Try it
What you write should match, word for word, the lines from the one containing "5sınıf Müzik çalışma" through the end of the data, with no pictures.

***** The data *****

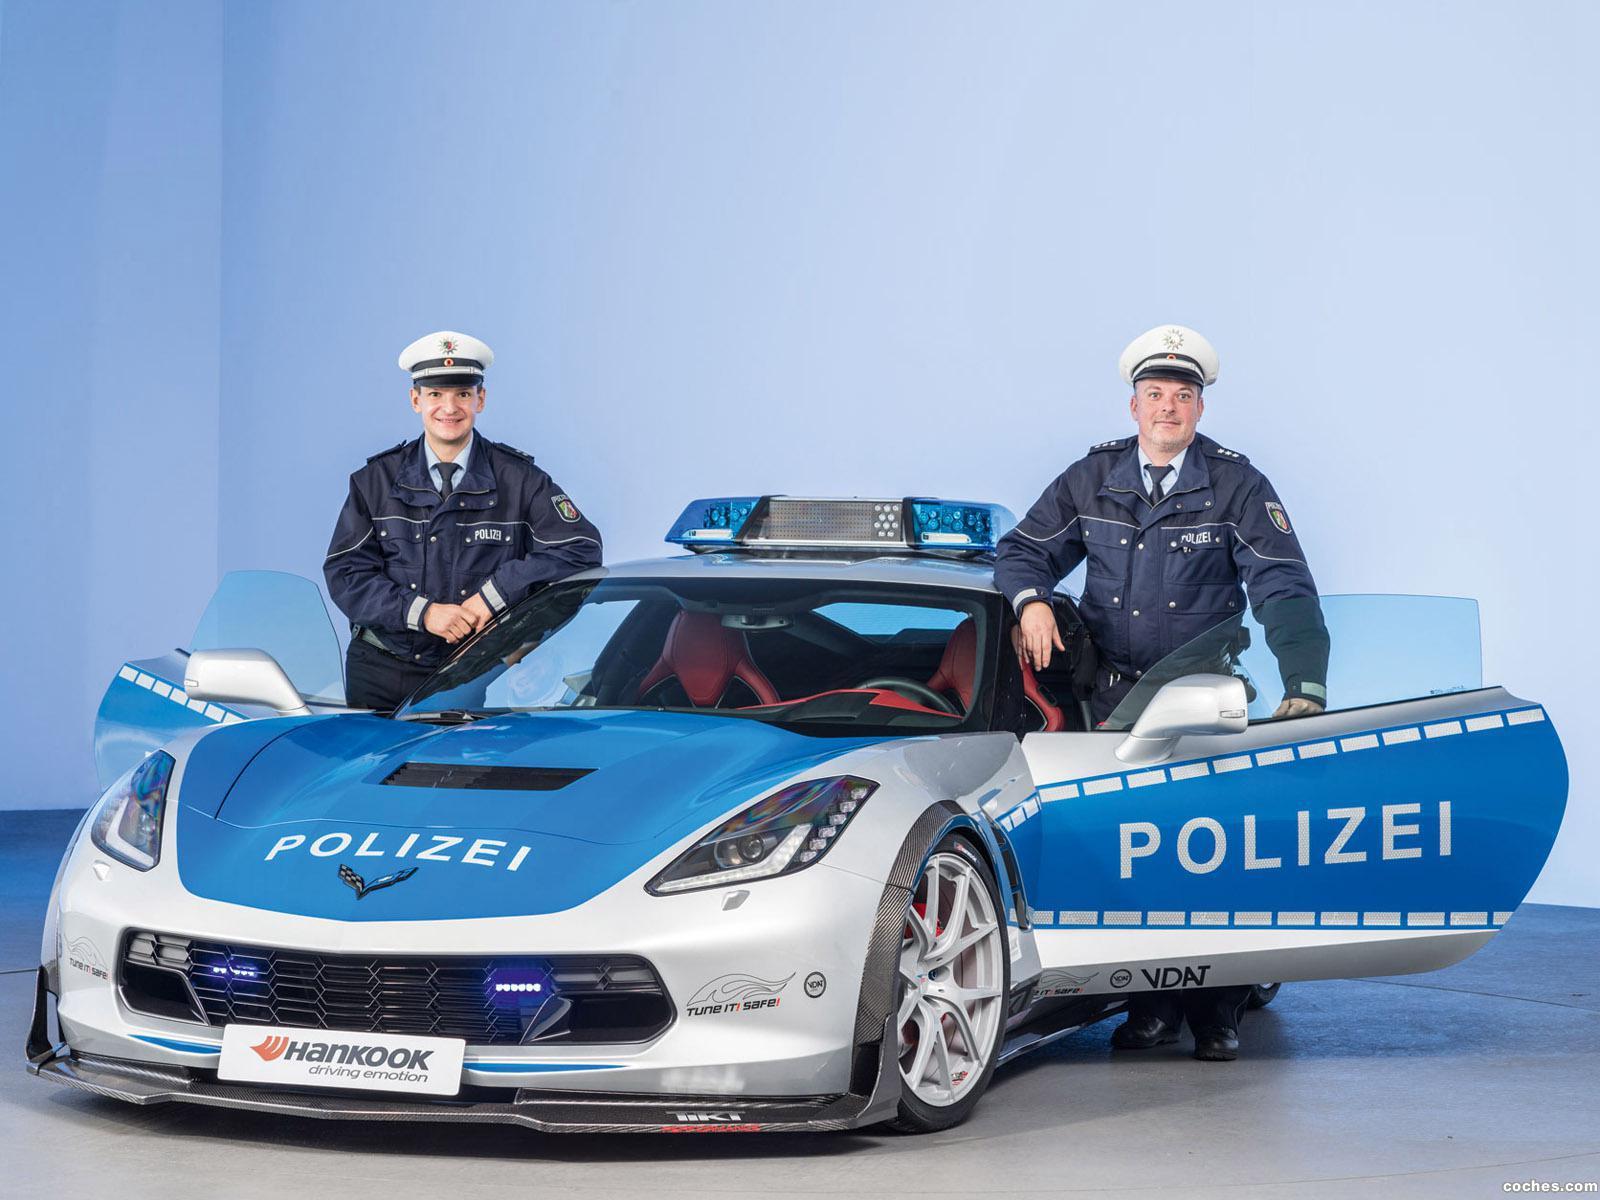 Foto 3 de Chevrolet Corvette C7 Stingray Coupe Polizei Safe Concept 2015
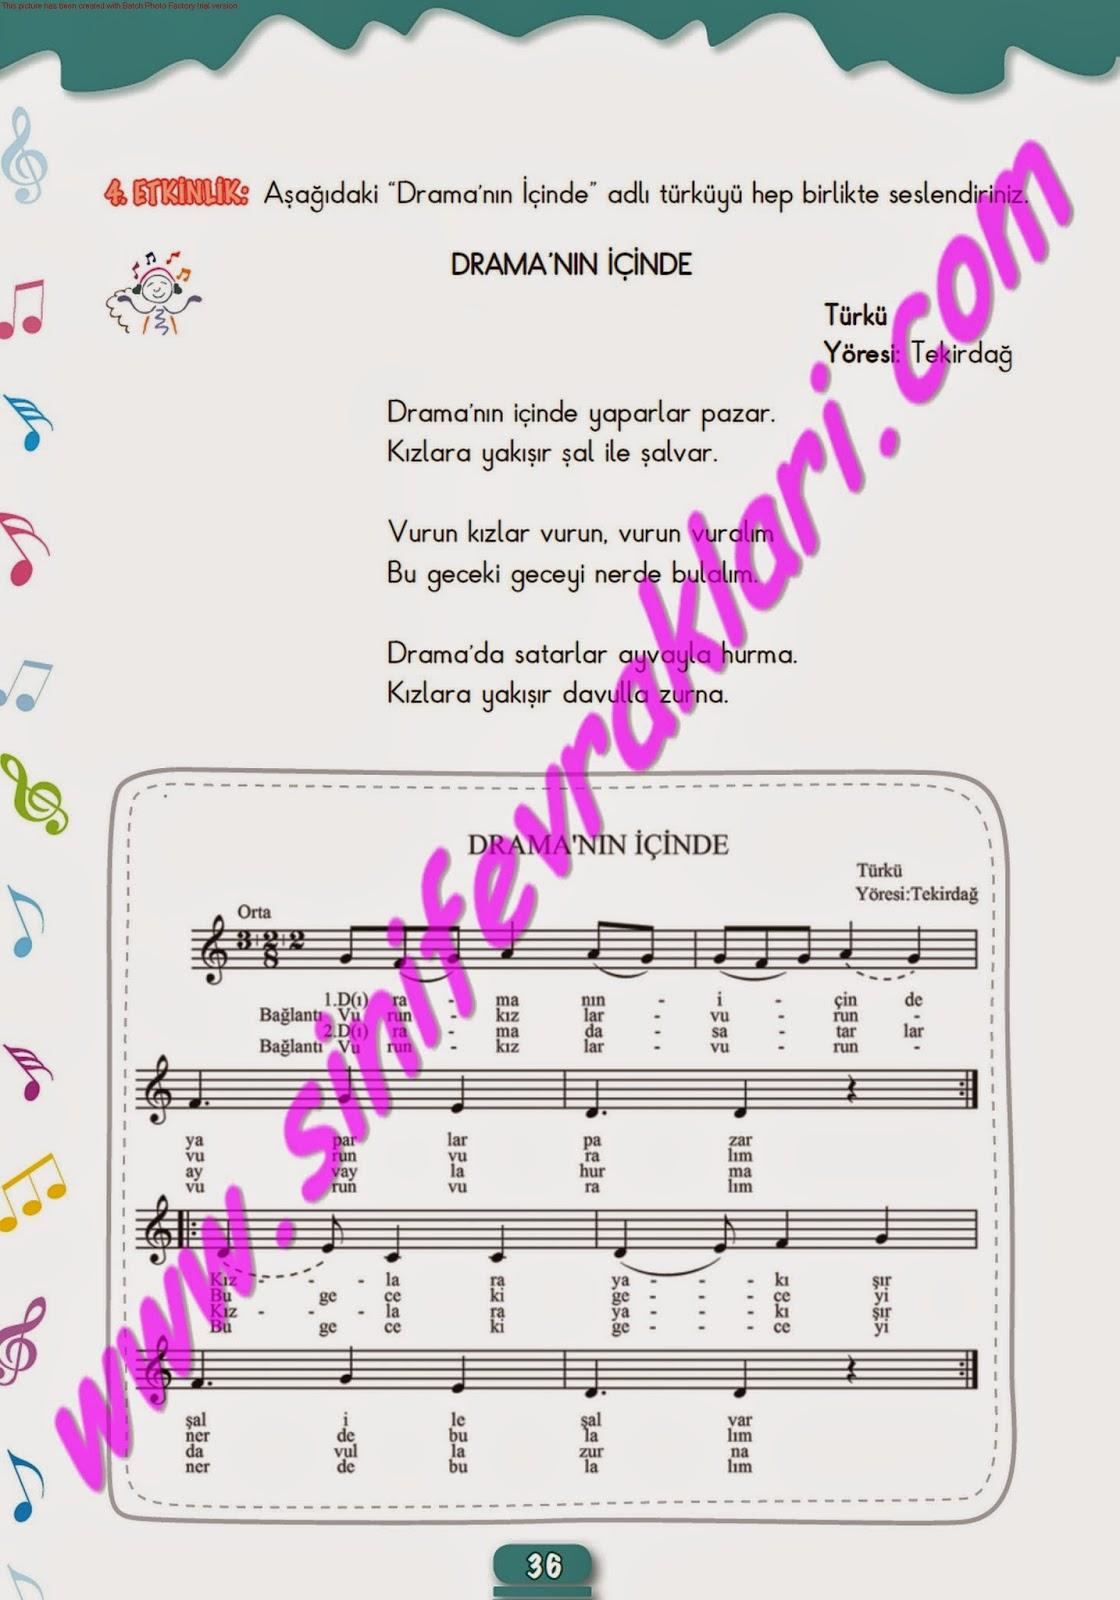 5sınıf Müzik çalışma Kitabı Cevapları Meb Yayınları Sayfa 36 Kpss
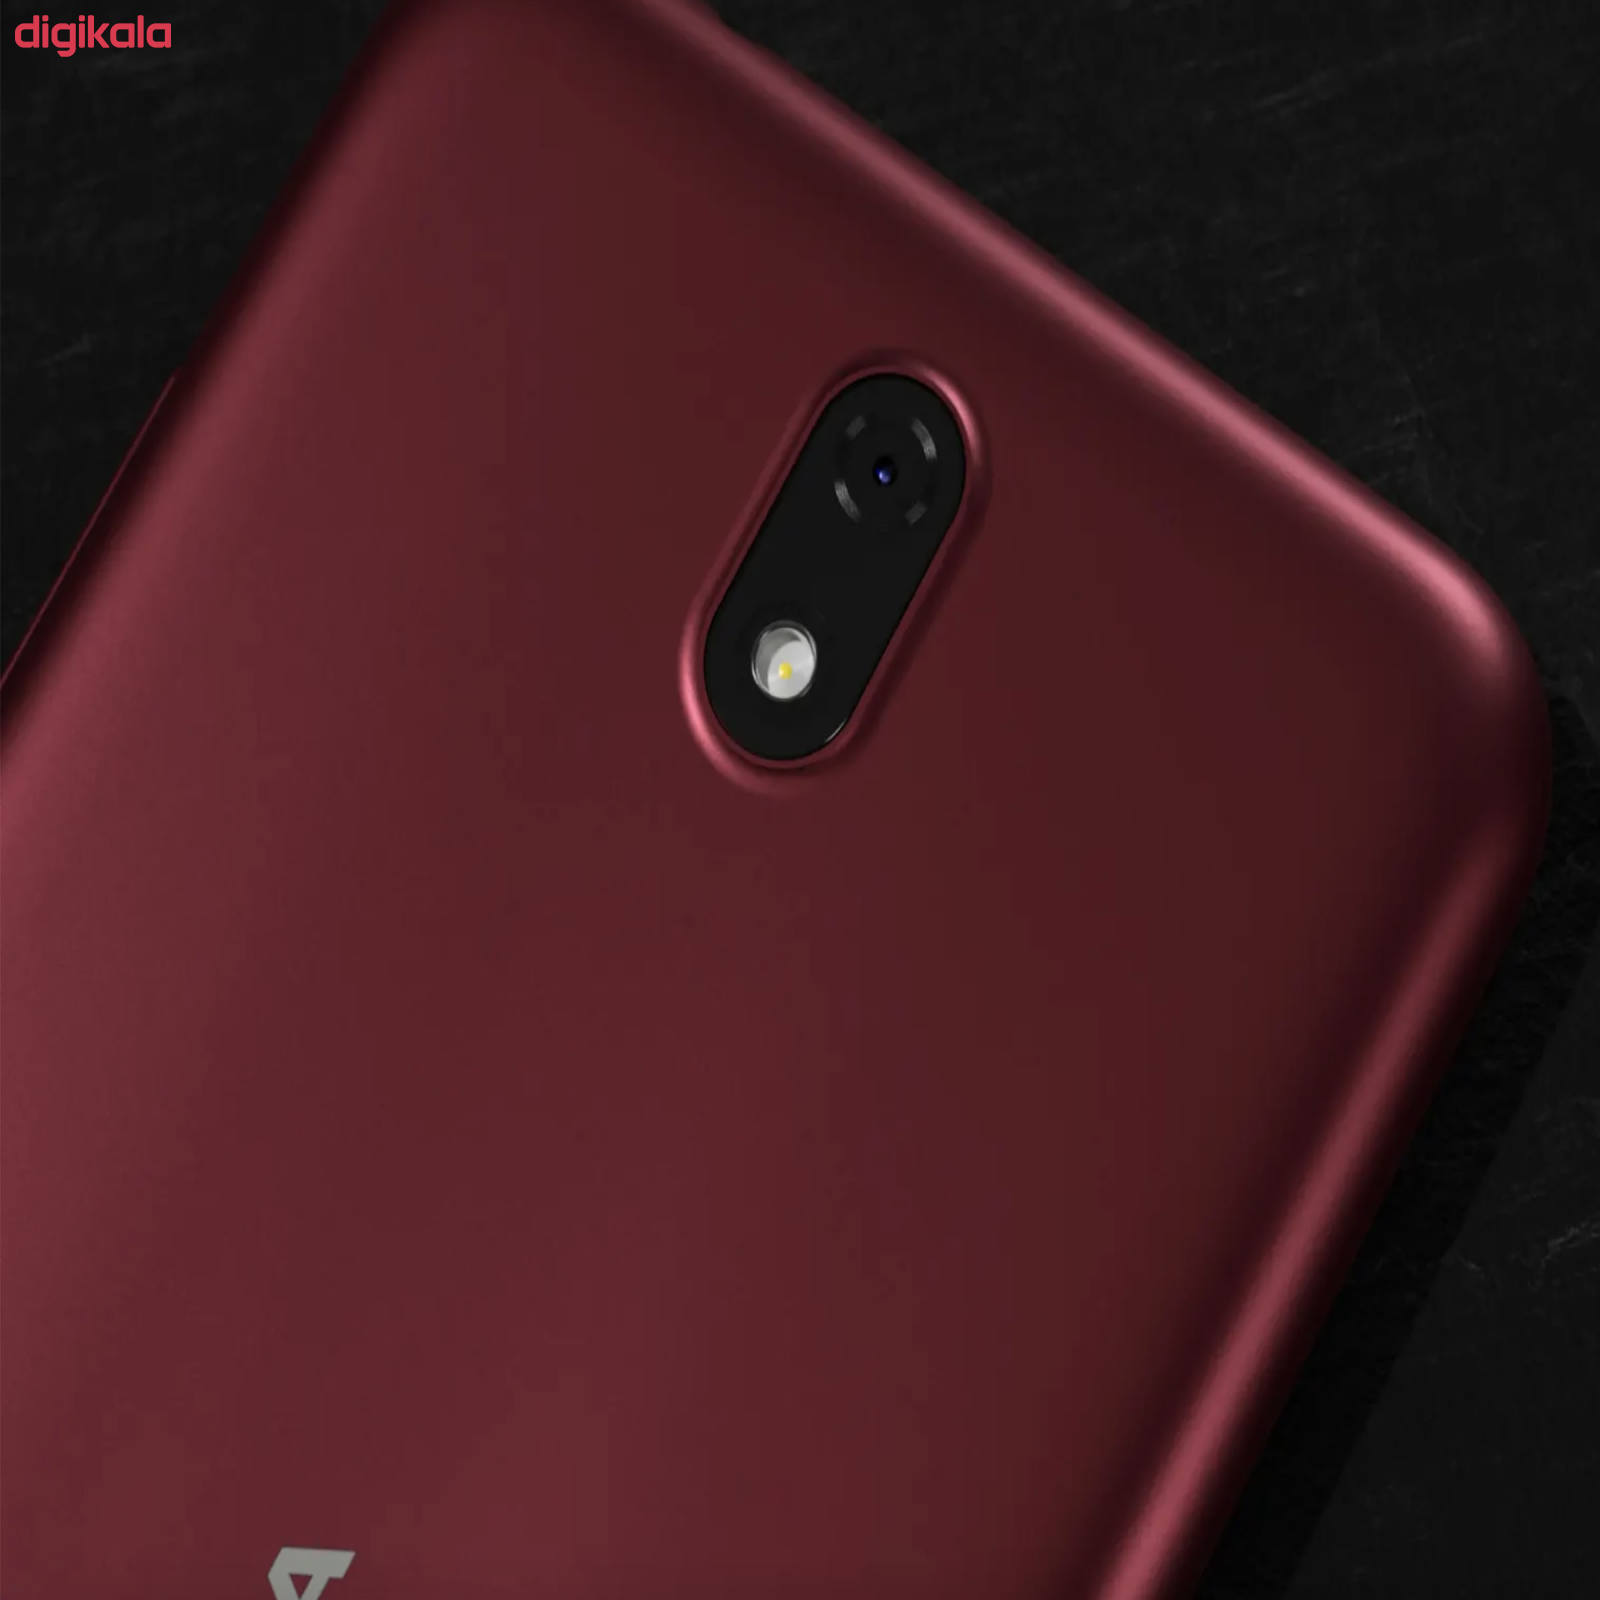 گوشی موبایل نوکیا مدل C1 TA-1165 دوسیم کارت ظرفیت 16 گیگابایت main 1 10

*****

Result
 5sınıf Müzik çalışma Kitabı Cevapları Meb Yayınları Sayfa 36 Kpss
 گوشی موبایل نوکیا مدل C1 TA-1165 دوسیم کارت ظرفیت 16 گیگابایت main 1 10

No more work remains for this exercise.